Audition CS6 standalone, the last boxed version, cost $349 full price (the upgrade pricing ranged from $75 to $149, version depending, and there was no educational pricing — Adobe yanked it from most of its products last year). By comparison, an Audition subscription, pre-Creative Cloud, ran $19.95 a month if you signed up for a year, or $29.95 a month if you went month-to-month. Assuming you signed up for the annual package, you’d pay about $240 a year. But that’s fairly steep for a single piece of software that only went through six version transitions in 10 years.
Thus Creative Cloud, which for a few dollars more if you already owned a version of Creative Suite, let you have access to virtually everything Adobe makes for $29.99 a month, or about $360 a year. If you weren’t already a Creative Suite owner, the monthly fee leapt to $49.99, or $600 a year, and the 40% discount for prior Creative Suite owners disappears after December 3, 2013.

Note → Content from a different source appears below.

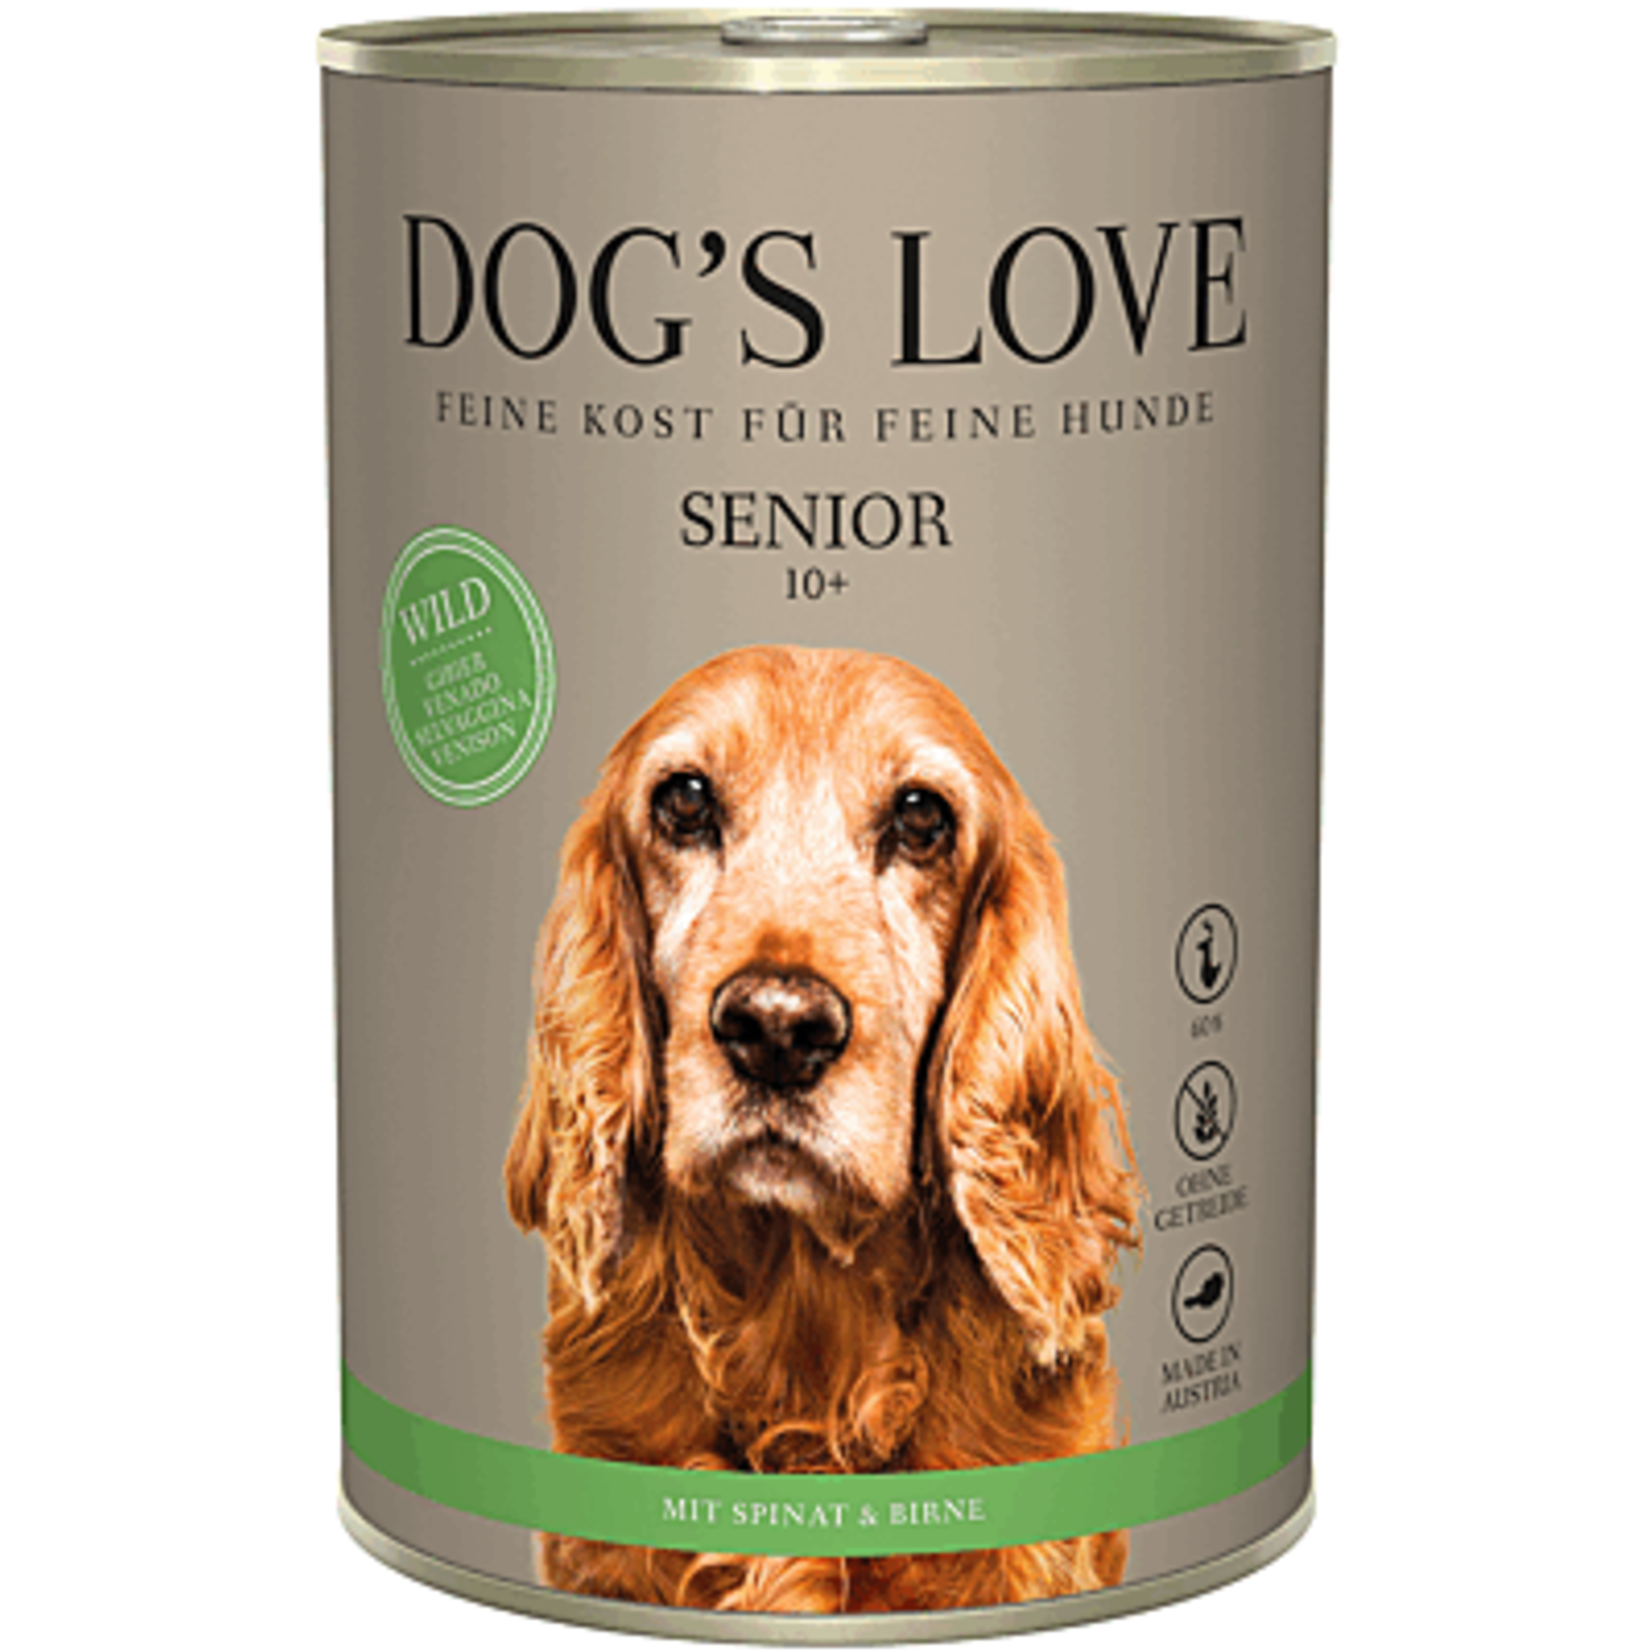 Dog's Love Dog's Love sénior 10+ 400g
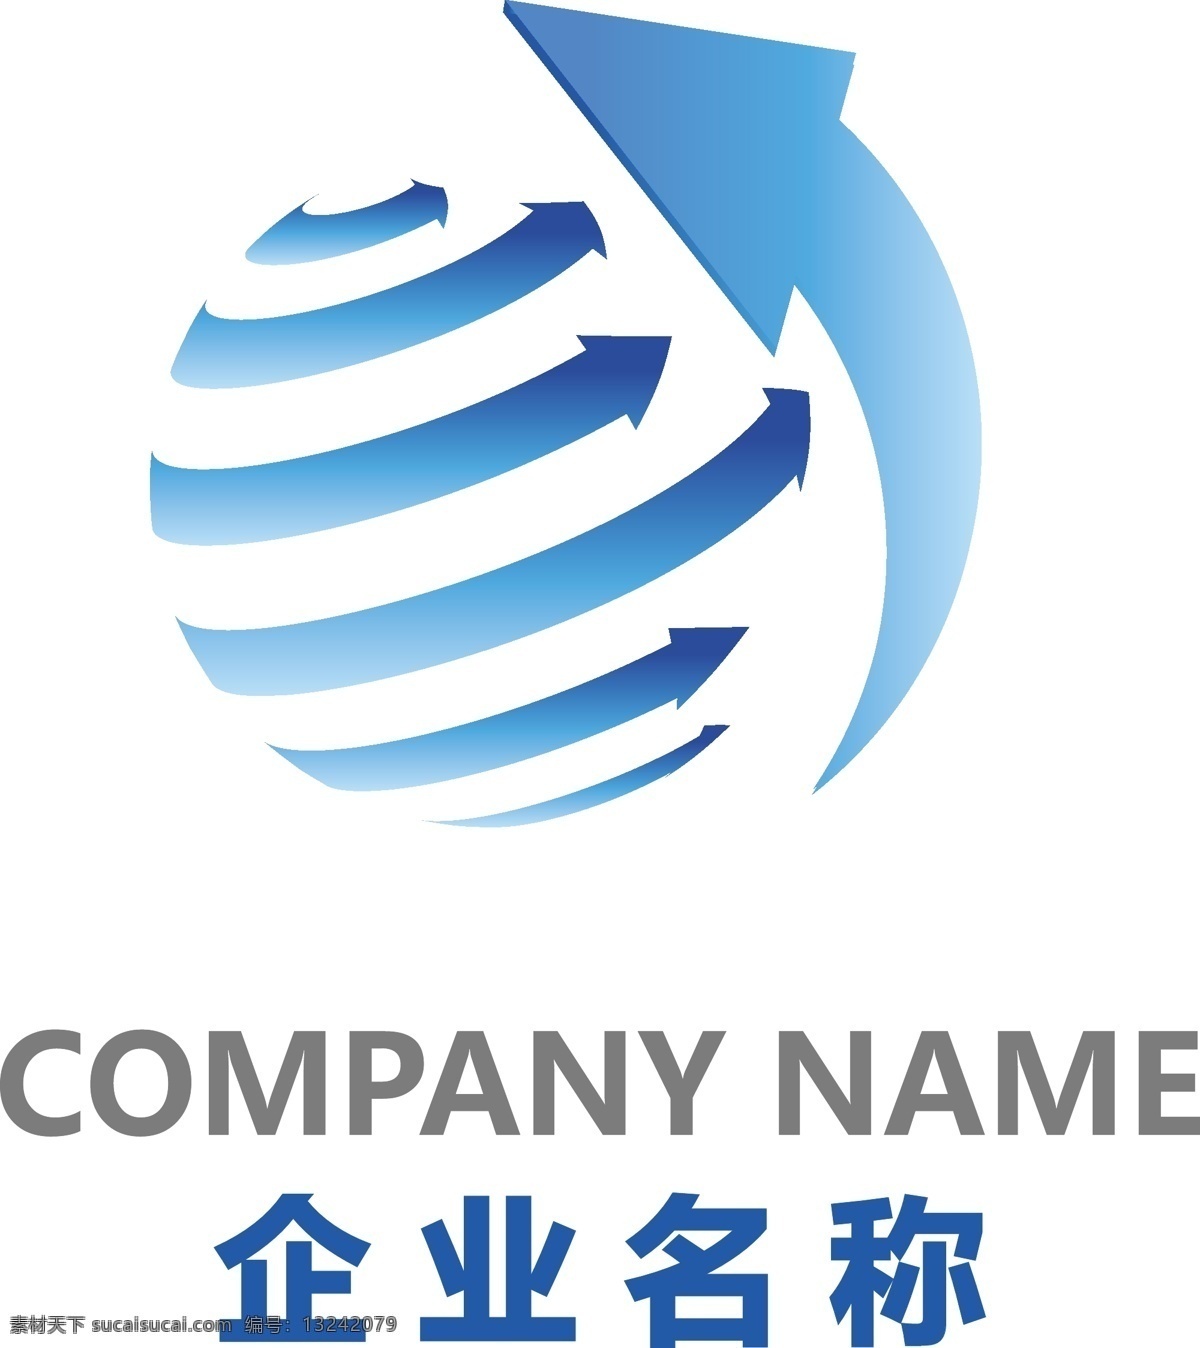 科技logo 科技感 箭头指向 蓝色渐变 立体球体 互联网元素 标志图标 企业 logo 标志

But any way you run those numbers, you wind up paying more on balance than you would have under Adobe’s boxed product pricing plans (assuming you were keeping up with upgrades, anyway, and note I’m talking about upgrade pricing, not full pricing, where in at least some instances Creative Cloud comes off looking a little more attractive). Whether you feel like the value’s offset any by the extras Adobe packs into Creative Cloud — instant upgrades, saving to the cloud, enhanced sharing and so forth — depends on how much you value such things.
Niche products like Audition aside, Adobe’s most popular tool remains Photoshop. When Adobe tried to drag Photoshop users into its subscription model, including me, many balked (including me). I chose to respectfully part ways with the company and shifted to Pixelmator, a prosumer photo-tweaking tool (albeit Mac-only) that sells for $14.99 on the Mac App Store.
Yesterday, during its keynote at Photoshop World in Las Vegas, Adobe attempted to ameliorate some of that photography-specific backlash, unveiling something it’s dubbed a Photoshop Photography Program, aimed at Photoshoppers who don’t need the Creative Cloud smorgasbord, and who weren’t persuaded by the single-app pricing options introduced last month.
With PPP, if you own any version of Photoshop from CS3 forward, you pay just $9.99 a month to access Photoshop CC, Lightroom 5, Behance ProSite membership (an online pro-photo showcase tool) and 20GB of cloud storage. You have to sign up by December 31, 2013 to get that price, but if you do, Adobe says that’s what you’ll pay going forward, with no post-introductory hikes down the road.
Is $120 a year low enough to pry open your wallet? It’s still about $100 too expensive for mine, but then I’m not even a proper amateur photographer (my idea of professional camera work involves buying a high-end point-and-shoot and leaving the settings dial on “auto”). I use Pixelmator to resize, transform, or touch up photos for work or when I’m scanning in CD booklet info for my music collection, and that’s about it. I’ve never used but a fraction of what a professional tool like Photoshop offers.
How much will Adobe’s PPP run after the offer date passes? Adobe isn’t saying, but it seems logical to assume it’ll climb back to Adobe’s standard single-app Creative Cloud $29.99 per month pricing.